The City of Vancouver leads the way in premiering the lane-way housing bylaw. It's taken a while for this to really catch on, but the possibilities the bylaw presents are no- brainers. The lane-way home can house your parents, it can house your adult kids, it can provide positive cash flow as a rental, or you can move in the newly renovated space and rent the old house.
At under $300,000 all in, for many one and 3 bedroom apartments downtown Vancouver models, it provides way more flexibility than an investment condo. But how does this help someone that doesn't have a property to put it on? How can this help you get noticed in the housing market?
When you buy a home with a spouse, you generally hold a title as "joint tenants.” This means the right of survivor ship goes from one name on title to the other. So, if a wife is hit by a bus, her husband gets the house etc. But there are other ways to place your name on title.
Take a home on the West side for instance. Assume there is a cute three story house on a decent lot, in an area you like, but its $1.6 million. You have been approved to go shopping for a house for under $700 thousand. You grab some close friends to join you in taking a second look at the house.
Together, you agree the house has a fabulous walkout basement suite but it could use some updating. Your landscaper friend says he loves the space and the third friend points out that they would rather live in a detached lane way then suite or condo rentals Vancouver.
Now we do the math. You write a contract with your two friends where you agree to divide the home. If one person takes main space of the home, the other takes a suite, the third can take the lane way. The three of you buy this home for $1.6 million (or less if you have a good negotiator). You call a company like Small works studio or Lane way Housing Inc., to pick a preapproved design -spend under $300,000 and you will have a home ready for move-in day within 16 weeks. You throw $60,000 into making that basement gorgeous. Add in a little extra for closing costs.
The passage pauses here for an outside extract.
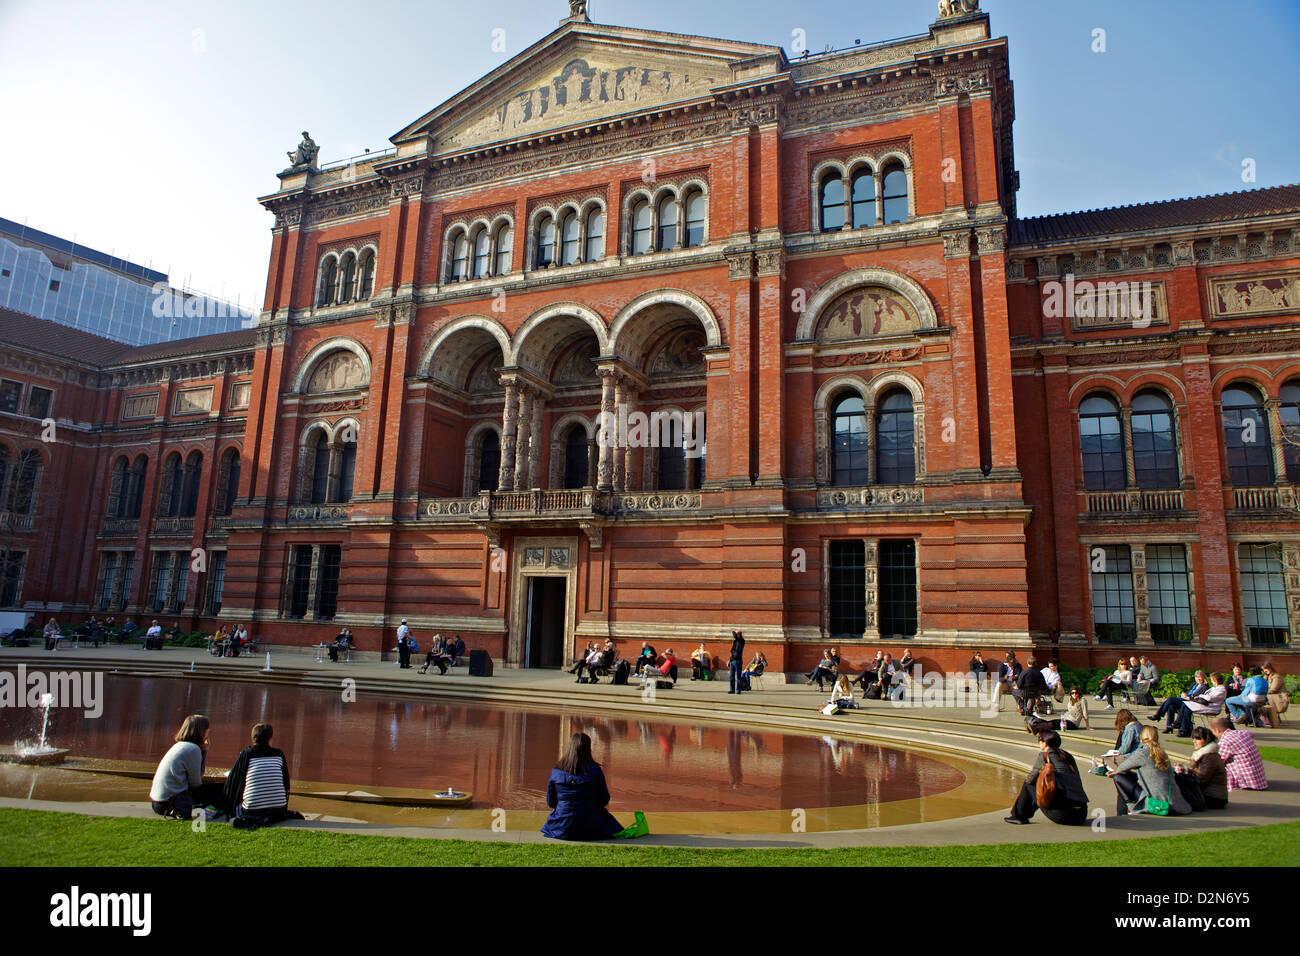 John Madejski Garden, Victoria and Albert Museum, South Kensington, London, England, United Kingdom, Europe - Stock Image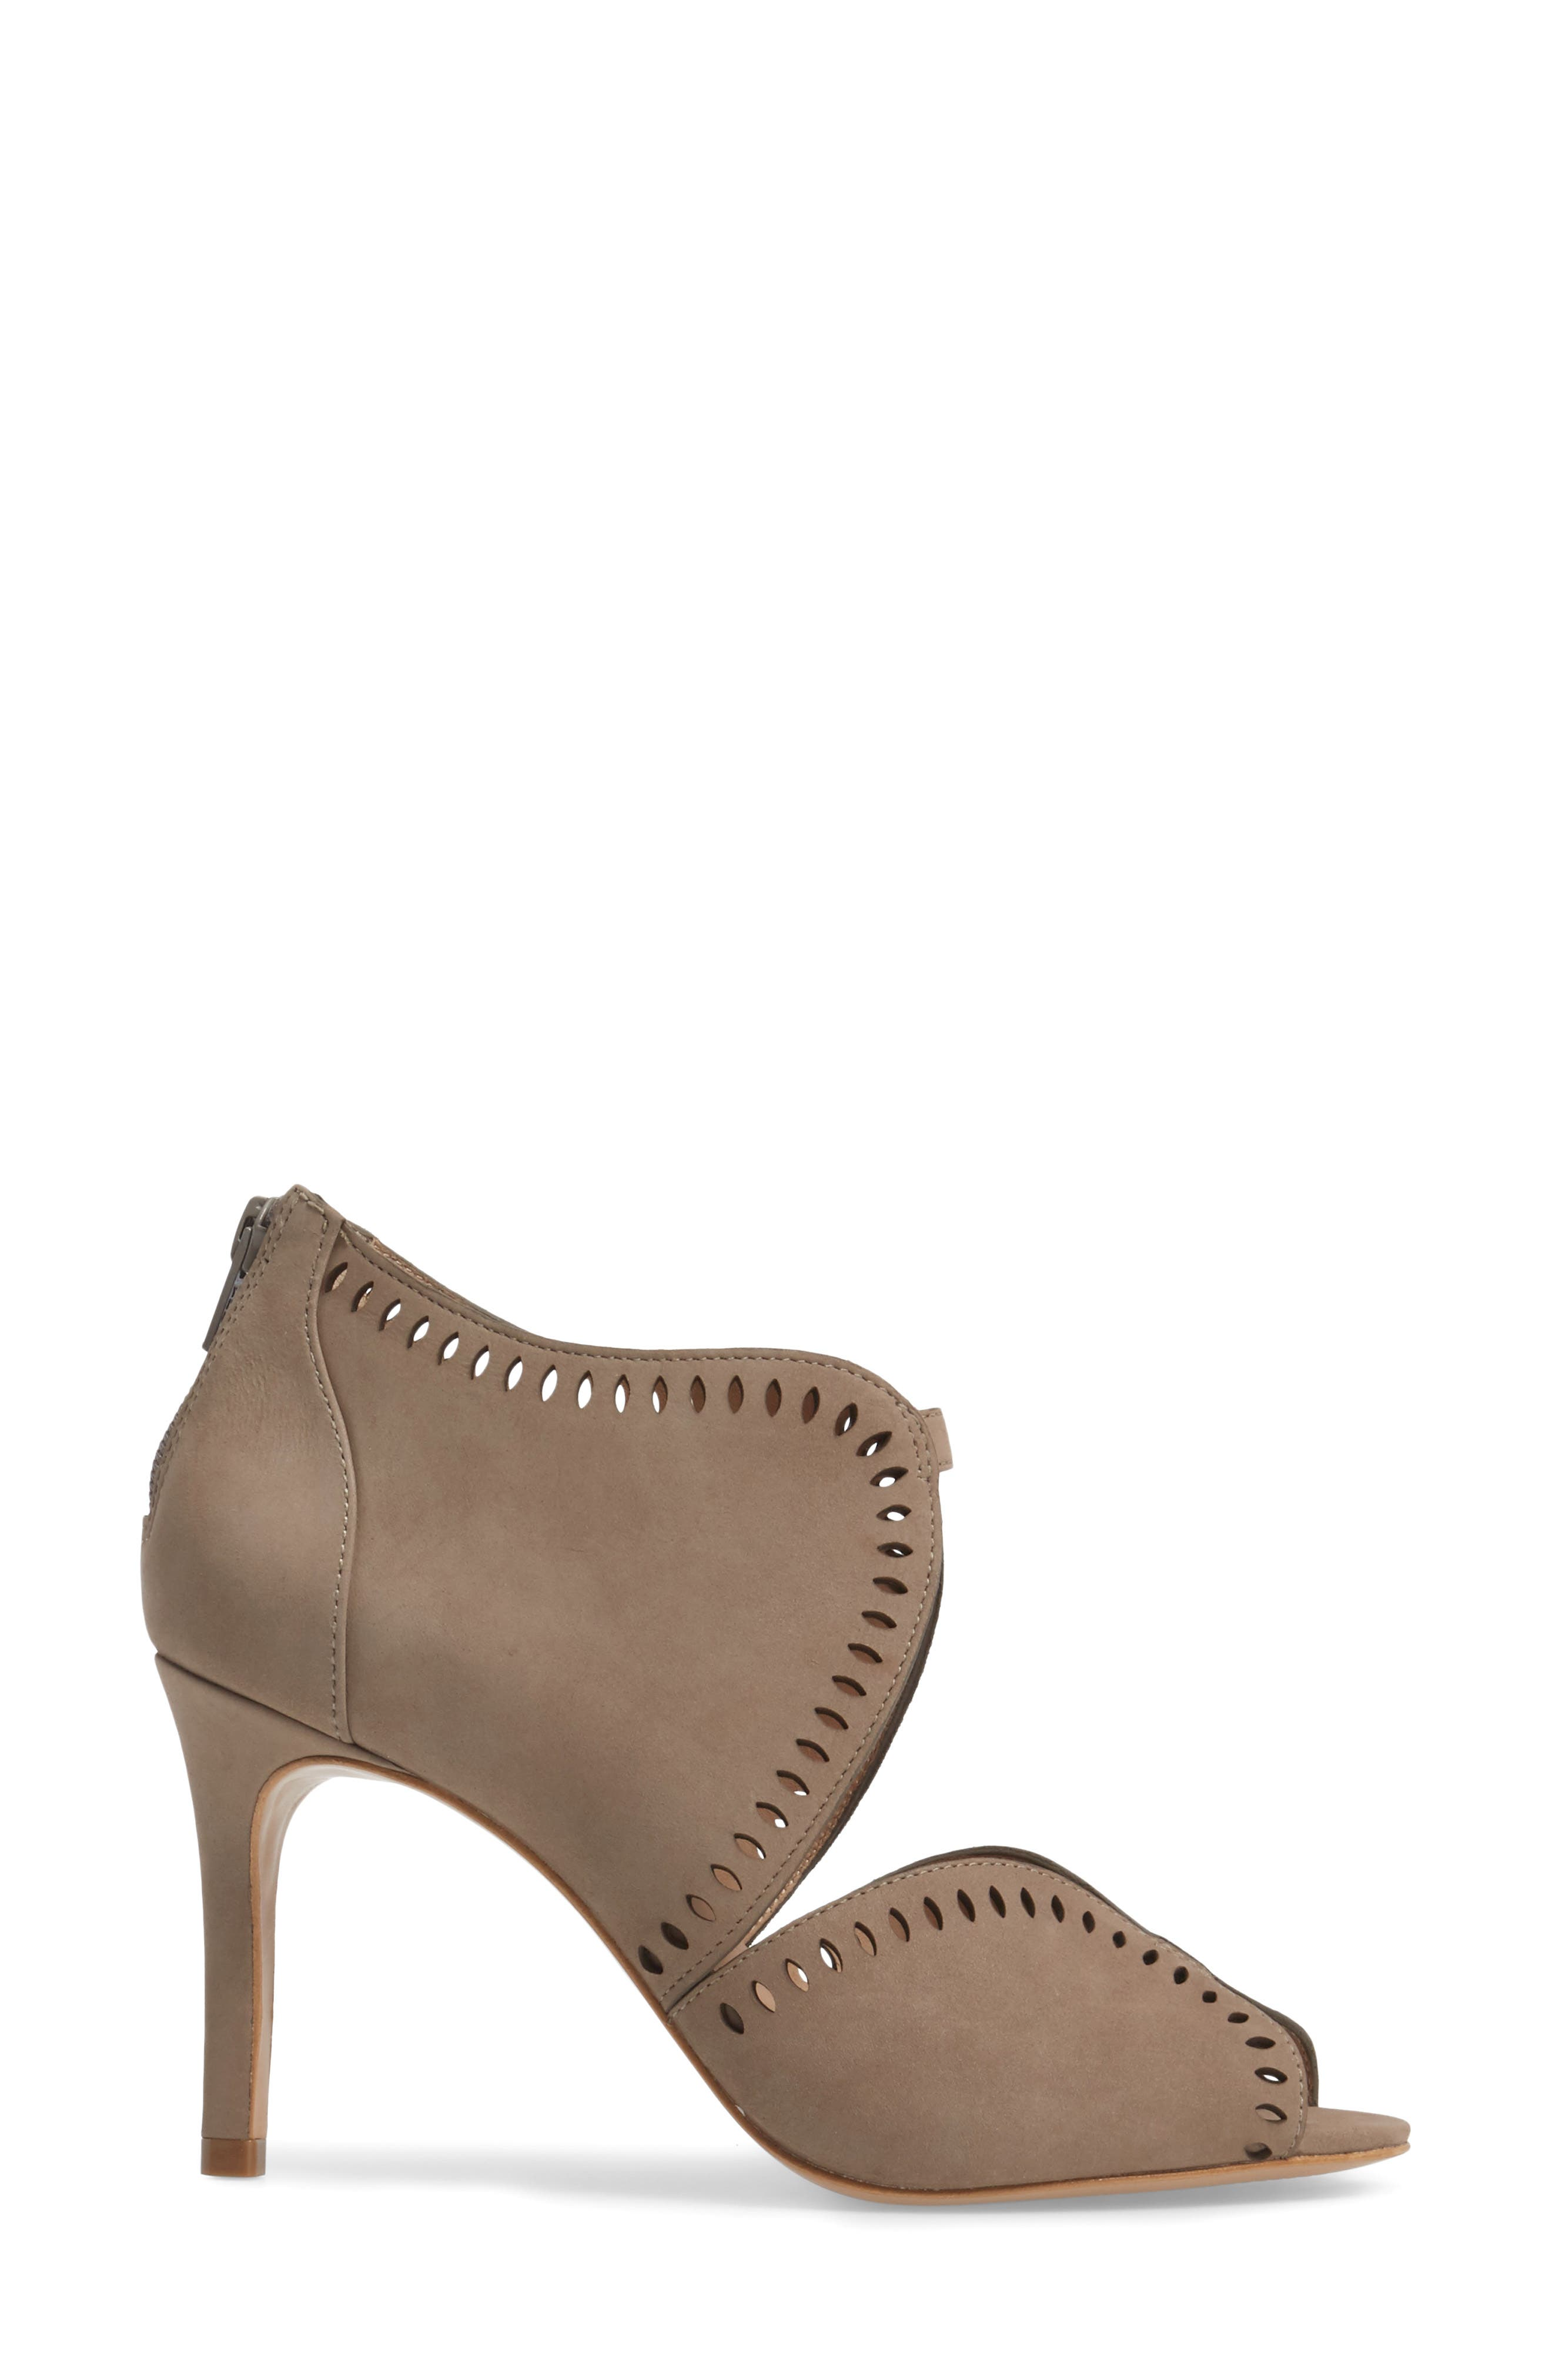 Mallia Perforated Sandal,                             Alternate thumbnail 6, color,

You are now at about $675,000 each. The price could probably be divided by square footage, or by some reasonable three way split that reflected the different units, but I split it equally just to make the point here. You have now created your own co-ownership or shared equity arrangement. Make sure you have a contract/ agreement in writing in place. A co-ownership agreement can be very detailed and typically includes each co-ownerships’ interest in the property, as in percentage 25/25/50; and what each co-owner will pay for the Property Transfer Tax, property taxes, property insurance, water and sewer fees, repairs, improvements, maintenance and legal fees.
For most people, this is better than commuting to the suburbs, and it is better for our environment to keep people living where they work and need to be.